==== Data ====
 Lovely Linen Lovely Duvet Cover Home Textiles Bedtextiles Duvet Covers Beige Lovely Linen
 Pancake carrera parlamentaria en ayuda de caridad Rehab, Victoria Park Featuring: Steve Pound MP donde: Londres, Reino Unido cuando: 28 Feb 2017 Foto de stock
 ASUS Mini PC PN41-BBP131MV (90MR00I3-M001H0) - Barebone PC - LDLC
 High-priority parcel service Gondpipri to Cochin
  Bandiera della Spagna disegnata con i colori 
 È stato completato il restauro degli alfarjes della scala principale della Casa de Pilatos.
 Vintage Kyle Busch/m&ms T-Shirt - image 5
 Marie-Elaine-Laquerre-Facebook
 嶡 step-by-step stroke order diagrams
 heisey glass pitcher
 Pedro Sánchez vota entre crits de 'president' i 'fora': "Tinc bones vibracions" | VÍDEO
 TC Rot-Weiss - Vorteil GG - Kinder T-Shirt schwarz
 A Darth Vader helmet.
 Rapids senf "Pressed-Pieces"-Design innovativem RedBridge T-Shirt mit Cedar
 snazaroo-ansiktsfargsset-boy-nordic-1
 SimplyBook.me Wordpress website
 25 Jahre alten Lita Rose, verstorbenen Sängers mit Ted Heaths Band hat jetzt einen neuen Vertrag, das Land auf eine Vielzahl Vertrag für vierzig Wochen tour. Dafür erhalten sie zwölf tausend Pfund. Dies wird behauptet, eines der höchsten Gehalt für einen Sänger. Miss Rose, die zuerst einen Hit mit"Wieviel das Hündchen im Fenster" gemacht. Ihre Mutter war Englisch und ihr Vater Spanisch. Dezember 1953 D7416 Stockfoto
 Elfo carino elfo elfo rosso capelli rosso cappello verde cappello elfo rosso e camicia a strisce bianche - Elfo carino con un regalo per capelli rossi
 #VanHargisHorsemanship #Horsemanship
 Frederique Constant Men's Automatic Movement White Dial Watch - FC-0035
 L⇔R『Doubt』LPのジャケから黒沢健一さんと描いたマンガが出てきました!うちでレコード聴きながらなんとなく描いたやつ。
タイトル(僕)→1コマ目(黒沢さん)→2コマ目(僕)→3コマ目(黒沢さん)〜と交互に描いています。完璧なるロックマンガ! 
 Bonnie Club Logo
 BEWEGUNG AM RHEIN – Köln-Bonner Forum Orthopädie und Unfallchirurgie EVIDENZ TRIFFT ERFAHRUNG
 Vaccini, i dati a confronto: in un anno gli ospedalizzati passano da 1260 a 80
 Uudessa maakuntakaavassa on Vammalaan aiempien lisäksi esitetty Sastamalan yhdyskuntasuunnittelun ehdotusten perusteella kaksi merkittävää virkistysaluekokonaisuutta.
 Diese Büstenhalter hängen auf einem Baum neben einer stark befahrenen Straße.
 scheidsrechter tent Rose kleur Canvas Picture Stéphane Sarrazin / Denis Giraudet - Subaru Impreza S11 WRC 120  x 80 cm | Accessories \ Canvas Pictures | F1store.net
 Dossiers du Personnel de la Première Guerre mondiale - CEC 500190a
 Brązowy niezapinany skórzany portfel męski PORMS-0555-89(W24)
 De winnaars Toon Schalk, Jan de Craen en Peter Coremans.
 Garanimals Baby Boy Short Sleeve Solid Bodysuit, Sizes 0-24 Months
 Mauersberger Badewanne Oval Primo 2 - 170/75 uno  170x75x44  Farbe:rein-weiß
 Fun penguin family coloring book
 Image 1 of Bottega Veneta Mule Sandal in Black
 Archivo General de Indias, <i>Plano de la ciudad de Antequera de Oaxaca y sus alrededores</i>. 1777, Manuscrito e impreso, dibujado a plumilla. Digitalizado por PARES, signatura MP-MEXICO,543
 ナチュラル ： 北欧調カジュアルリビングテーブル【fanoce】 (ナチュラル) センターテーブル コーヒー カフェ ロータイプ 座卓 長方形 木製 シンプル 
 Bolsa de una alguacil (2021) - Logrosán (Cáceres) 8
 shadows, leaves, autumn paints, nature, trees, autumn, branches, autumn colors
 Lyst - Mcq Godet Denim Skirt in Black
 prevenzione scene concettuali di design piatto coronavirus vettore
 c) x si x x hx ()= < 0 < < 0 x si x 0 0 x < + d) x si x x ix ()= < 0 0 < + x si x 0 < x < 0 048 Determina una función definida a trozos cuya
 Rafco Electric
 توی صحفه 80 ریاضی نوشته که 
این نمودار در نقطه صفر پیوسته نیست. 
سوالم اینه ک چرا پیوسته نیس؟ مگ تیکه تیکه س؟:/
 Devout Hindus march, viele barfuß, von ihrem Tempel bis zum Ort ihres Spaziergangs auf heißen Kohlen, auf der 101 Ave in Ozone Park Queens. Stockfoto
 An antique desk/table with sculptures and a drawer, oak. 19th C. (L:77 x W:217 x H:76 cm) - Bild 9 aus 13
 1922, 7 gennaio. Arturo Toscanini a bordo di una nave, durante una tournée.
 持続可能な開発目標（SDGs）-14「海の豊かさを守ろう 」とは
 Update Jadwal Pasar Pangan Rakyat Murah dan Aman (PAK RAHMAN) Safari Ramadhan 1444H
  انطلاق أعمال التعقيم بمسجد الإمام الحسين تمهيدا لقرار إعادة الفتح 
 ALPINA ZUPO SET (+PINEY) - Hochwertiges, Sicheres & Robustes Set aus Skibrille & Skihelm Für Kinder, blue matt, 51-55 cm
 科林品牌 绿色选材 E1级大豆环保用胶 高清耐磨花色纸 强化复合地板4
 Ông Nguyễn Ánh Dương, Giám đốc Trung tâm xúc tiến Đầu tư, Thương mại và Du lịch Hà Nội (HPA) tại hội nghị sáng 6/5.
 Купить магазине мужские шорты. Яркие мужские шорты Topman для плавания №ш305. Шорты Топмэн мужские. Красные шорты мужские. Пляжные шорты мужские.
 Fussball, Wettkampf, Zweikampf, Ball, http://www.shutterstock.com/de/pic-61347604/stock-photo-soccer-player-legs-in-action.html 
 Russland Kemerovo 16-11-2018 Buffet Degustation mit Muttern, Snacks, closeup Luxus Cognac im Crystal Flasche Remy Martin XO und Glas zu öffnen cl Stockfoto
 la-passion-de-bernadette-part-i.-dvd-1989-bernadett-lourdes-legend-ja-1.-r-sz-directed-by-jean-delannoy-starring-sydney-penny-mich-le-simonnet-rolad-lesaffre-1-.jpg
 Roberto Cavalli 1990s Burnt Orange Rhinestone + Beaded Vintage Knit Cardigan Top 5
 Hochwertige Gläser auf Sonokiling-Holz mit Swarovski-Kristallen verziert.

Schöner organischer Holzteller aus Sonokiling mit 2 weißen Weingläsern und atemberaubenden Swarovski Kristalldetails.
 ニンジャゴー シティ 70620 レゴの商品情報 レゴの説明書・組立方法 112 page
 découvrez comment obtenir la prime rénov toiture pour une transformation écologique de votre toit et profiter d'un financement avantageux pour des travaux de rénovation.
====
**Goal of the exercise**
In the data above, start at the line that has "ASUS Mini PC", stop after the line that has "È stato completato", and print every line in between exactly as it stands.

**Answer to this exercise**
 ASUS Mini PC PN41-BBP131MV (90MR00I3-M001H0) - Barebone PC - LDLC
 High-priority parcel service Gondpipri to Cochin
  Bandiera della Spagna disegnata con i colori 
 È stato completato il restauro degli alfarjes della scala principale della Casa de Pilatos.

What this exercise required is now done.